TC are you a photograper as your career or is it a side thing?  I won't use the word "professional" because you obviously are whether its part or full time


----------



## TCimages (Feb 22, 2008)

aww, thanks Lyncca. I appreciate that. It's just one of my many hobbies I really enjoy. You made my day!

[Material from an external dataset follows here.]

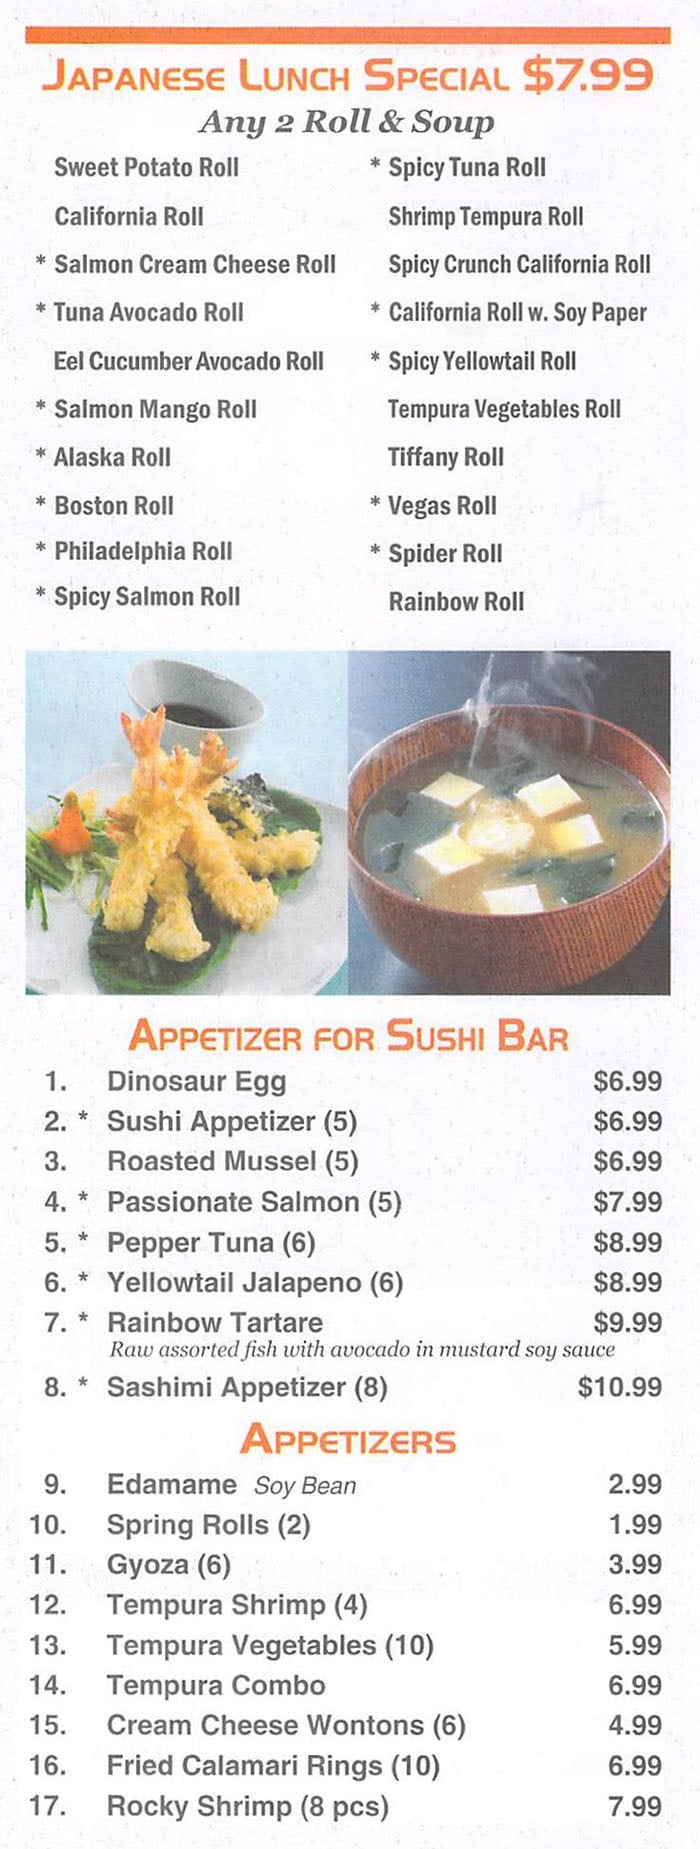 Red 8 Asian Bistro & Sushi Bar menu - Japanese lunch special, appetizers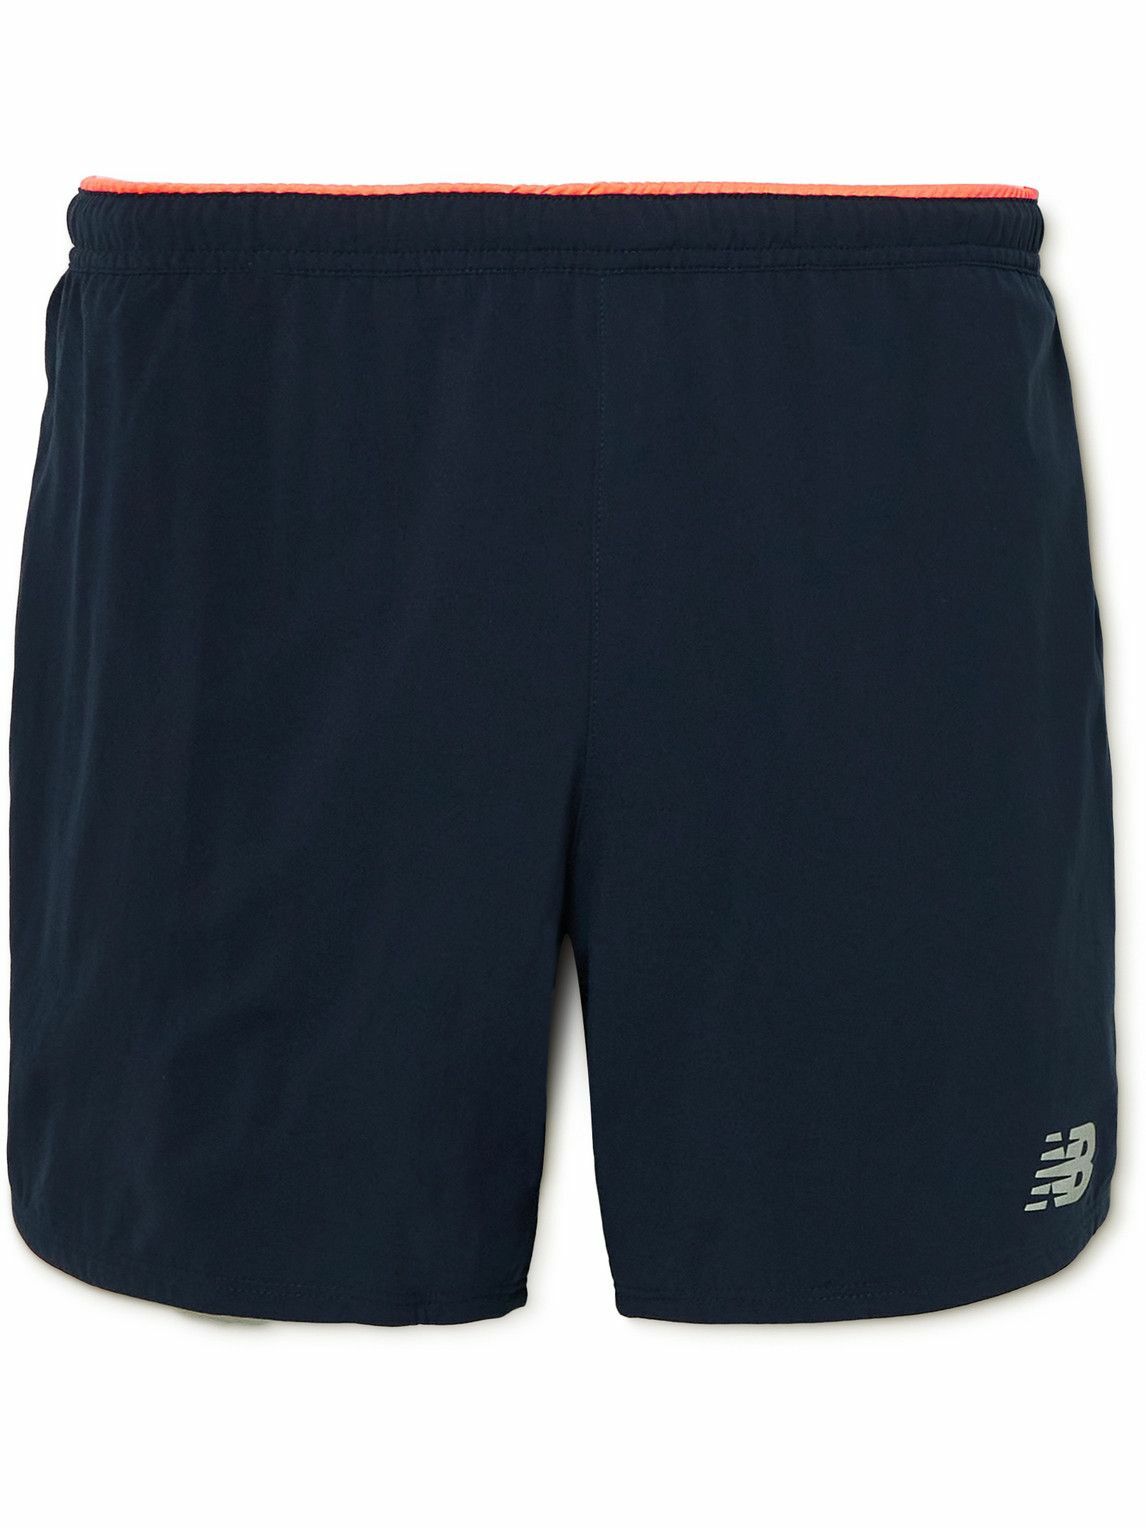 Photo: New Balance - Graphic Impact Run Slim-Fit Printed Recycled NB DRY Shorts - Blue

thanks for all the other comments


----------



## lockwood81 (Feb 22, 2008)

Wow!!  Stunning, I thought I stumbled upon National Geographic...


----------



## TCimages (Feb 22, 2008)

lol.  THank YOU!


----------



## KOrmechea (Feb 23, 2008)

I like the colors of this guy.  

Cool shot.


----------



## TCimages (Feb 23, 2008)

Thanks


----------



## Antithesis (Feb 23, 2008)

Your macro shots are truly inspiring. They make me want a macro lens so bad, heh. Keep em coming, they are a joy to look at.


----------



## danir (Feb 25, 2008)

Fantastic as usual.

Dani.


----------



## neogfx (Feb 25, 2008)

Great image. Pin sharp detail on the whole insect, not so easily achieved when shooting this macro.
I find the daisy in the foreground a little distracting, but it's only a minor irritant.
Great job.


----------



## TCimages (Feb 25, 2008)

thanks for the comments


----------



## Lyncca (Feb 25, 2008)

Sooo, how close do you have to get to these critters to get their pictures? The answer could make it a no-go for me 



<----------- Girlie girl about bugs.


----------



## TCimages (Feb 26, 2008)

well, it depends.  On average within 6-10 inches.  You do have to get in the bushes with them tho.


----------



## NJMAN (Feb 27, 2008)

Lyncca said:


> TC are you a photograper as your career or is it a side thing? I won't use the word "professional" because you obviously are whether its part or full time


 
I agree, you are PRO in every sense of the word.  Excellent job as usual man! :thumbup: :thumbup:

NJ


----------



## Ann75 (Feb 27, 2008)

Wow, fantastic shot with amazing details and so close!  Beautiful composition with wonderful colors. Great work!

Greetings,
Ann


----------



## TCimages (Feb 28, 2008)

I'm certainly not a pro, but you guys sure make me feel like one.  Thank You!!!


----------



## 250Gimp (Feb 28, 2008)

Nice shot!!

Did you get that with your 100mm macro alone, or did you have to use tubes?


----------



## mdw (Feb 28, 2008)

Nice one! Crispy sharp!


----------



## TCimages (Feb 28, 2008)

250Gimp said:


> Nice shot!!
> 
> Did you get that with your 100mm macro alone, or did you have to use tubes?


 

Thanks again guys.   

Yes, just the 100mm


----------